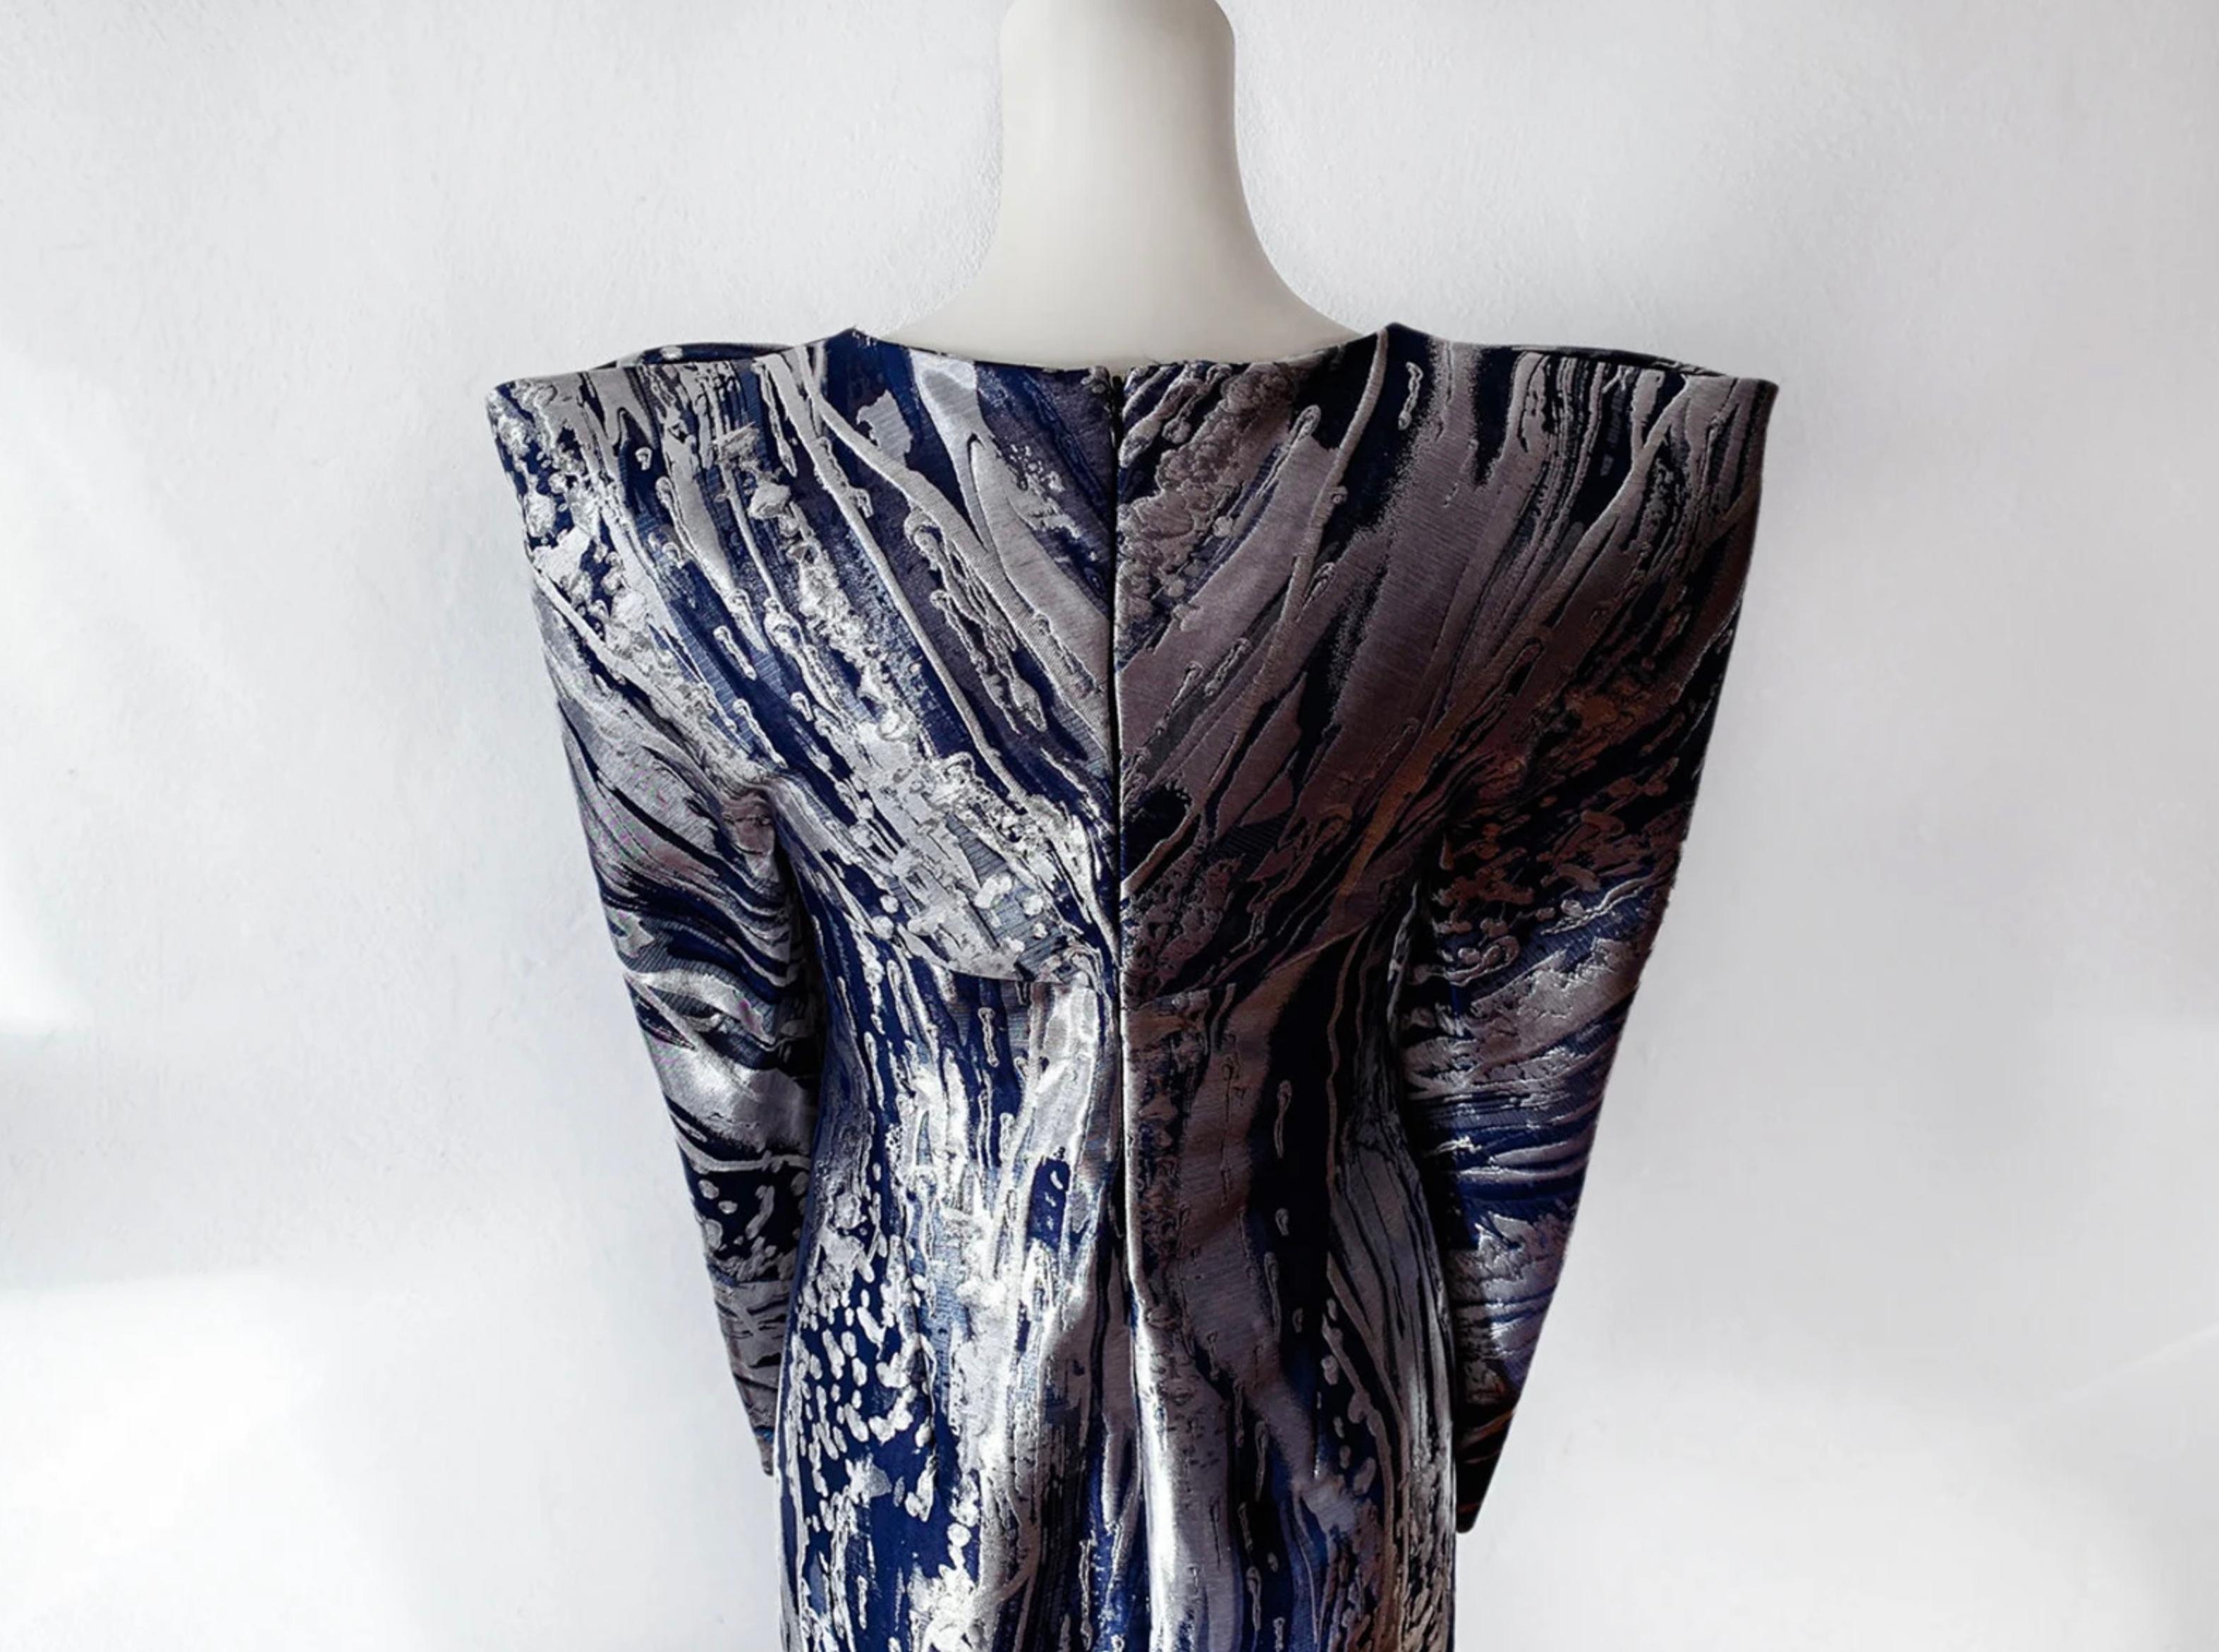 
Breathtaking Showstopper! Rare Collectors' Piece by the one and only Alexander McQueen.
Futuristic Avant Garde surreal dream and part of Fashion History.
Blue and silver metallic paint stroke brocade shift dress. The construction of this garment is

**Description of the task:**
Every line above goes into your copy exactly; no images go in.

**Solved problem:**
Breathtaking Showstopper! Rare Collectors' Piece by the one and only Alexander McQueen.
Futuristic Avant Garde surreal dream and part of Fashion History.
Blue and silver metallic paint stroke brocade shift dress. The construction of this garment is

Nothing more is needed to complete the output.